Kompletnie nie rozumie tego też Maurizio Sarri, który zdążył już zapoznać się z umiejętnościami Drinkwatera na pierwszych treningach i według Daily Mirror wyciągnął ze swoich obserwacji jednoznaczne wnioski. Anglik nie jest zawodnikiem pasującym poziomem do takiego zespołu i powinien odejść, by nie zabierać miejsca w składzie młodym i zdolnym chłopakom. Nie potrzebna była z resztą opinia menedżera, by jasno stwierdzić, że pomocnik ten jest niepotrzebny w Londynie. Drinkwater zagrał w zeszłym sezonie ledwie 1 100 minut, czyli nieco ponad 12 całych spotkań. To bardzo niewiele, jak na gościa, który tyle kosztował.

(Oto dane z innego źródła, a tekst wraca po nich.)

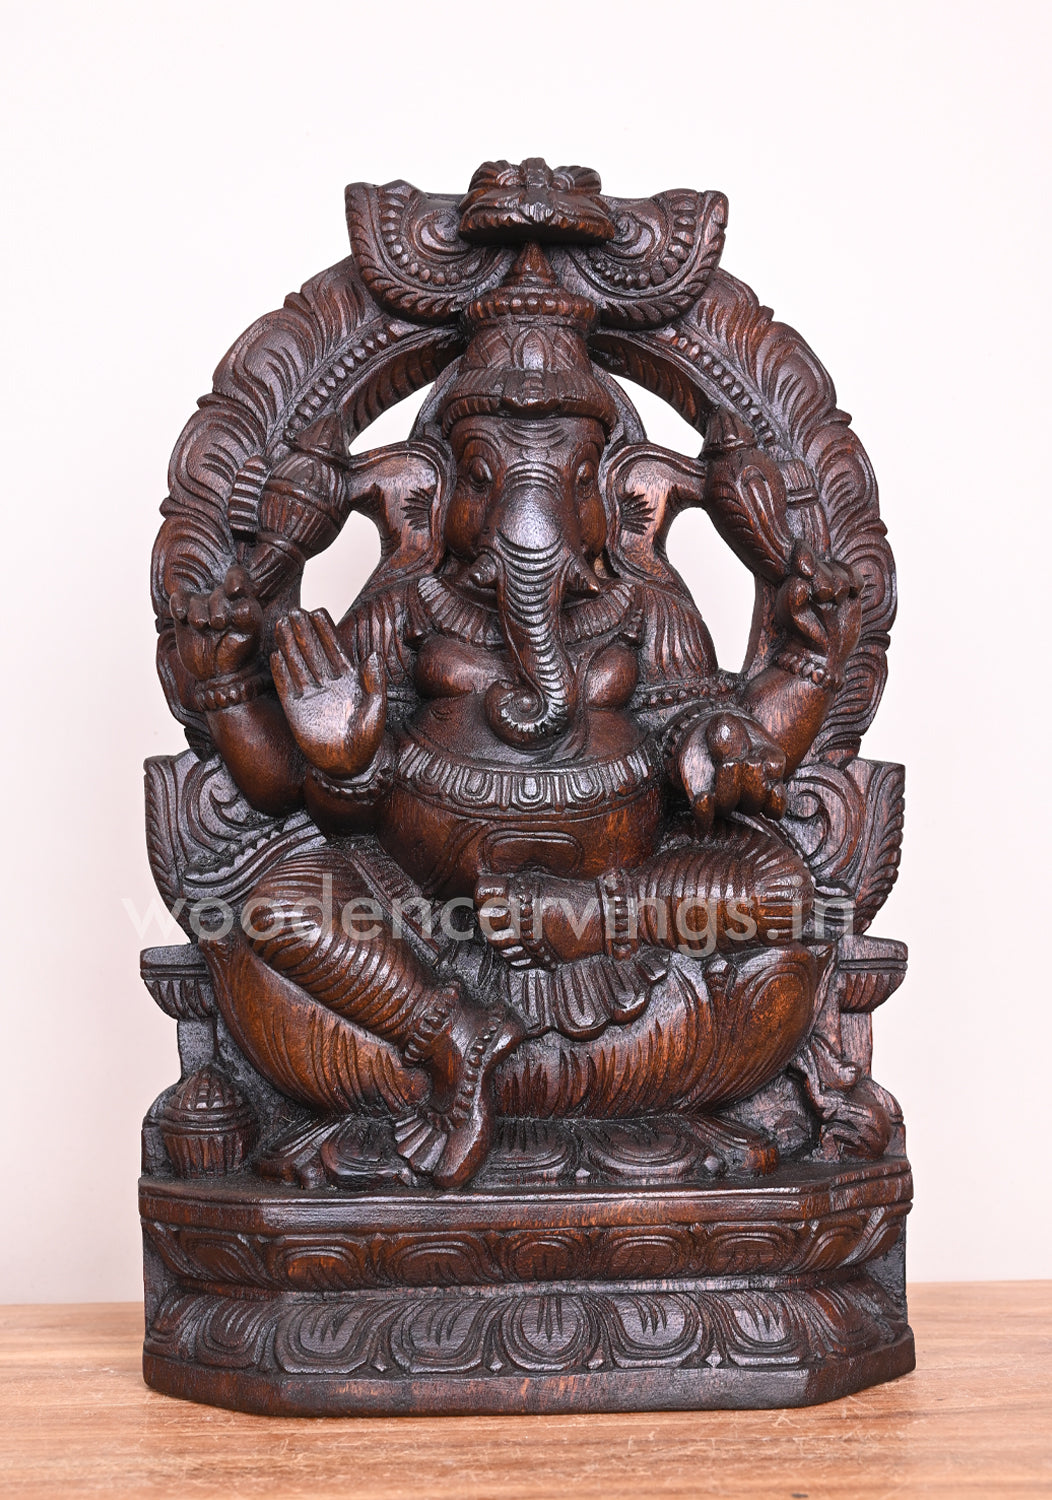 Handmade Art of Arch Ganesha on Lotus and Blessing People in Mudra Abhaya Wooden Sculpture 17"

Chelsea już zdecydowała, że chce się go pozbyć, ale musi liczyć się z tym, że na nim straci. Nikt o zdrowych zmysłach nie zapłaci za Anglika tych 35 milionów. Obecnie pomocnika można wycenić na maksymalnie 20 baniek, ale to i tak kwota dość spora. Choć chętnych na jego usługi będzie pewnie kilku, bo to w końcu ograny ligowiec ze sporym doświadczeniem, to żaden z nich nie będzie za te cechy płacił takiej kasy. W mediach nie przejawia się żaden konkretny kandydat na nowego pracodawcę piłkarza, ale jest niemal pewnym, że będzie to jakiś zespół z środka tabeli Premier League, niewykluczone, że ponownie zostanie nim Leicester. Pod warunkiem, że Chelsea zejdzie z ceny, bo na tę chwilę ta kwota jest tak niepoważna jak 65 milionów za Harry'ego Maguire'a.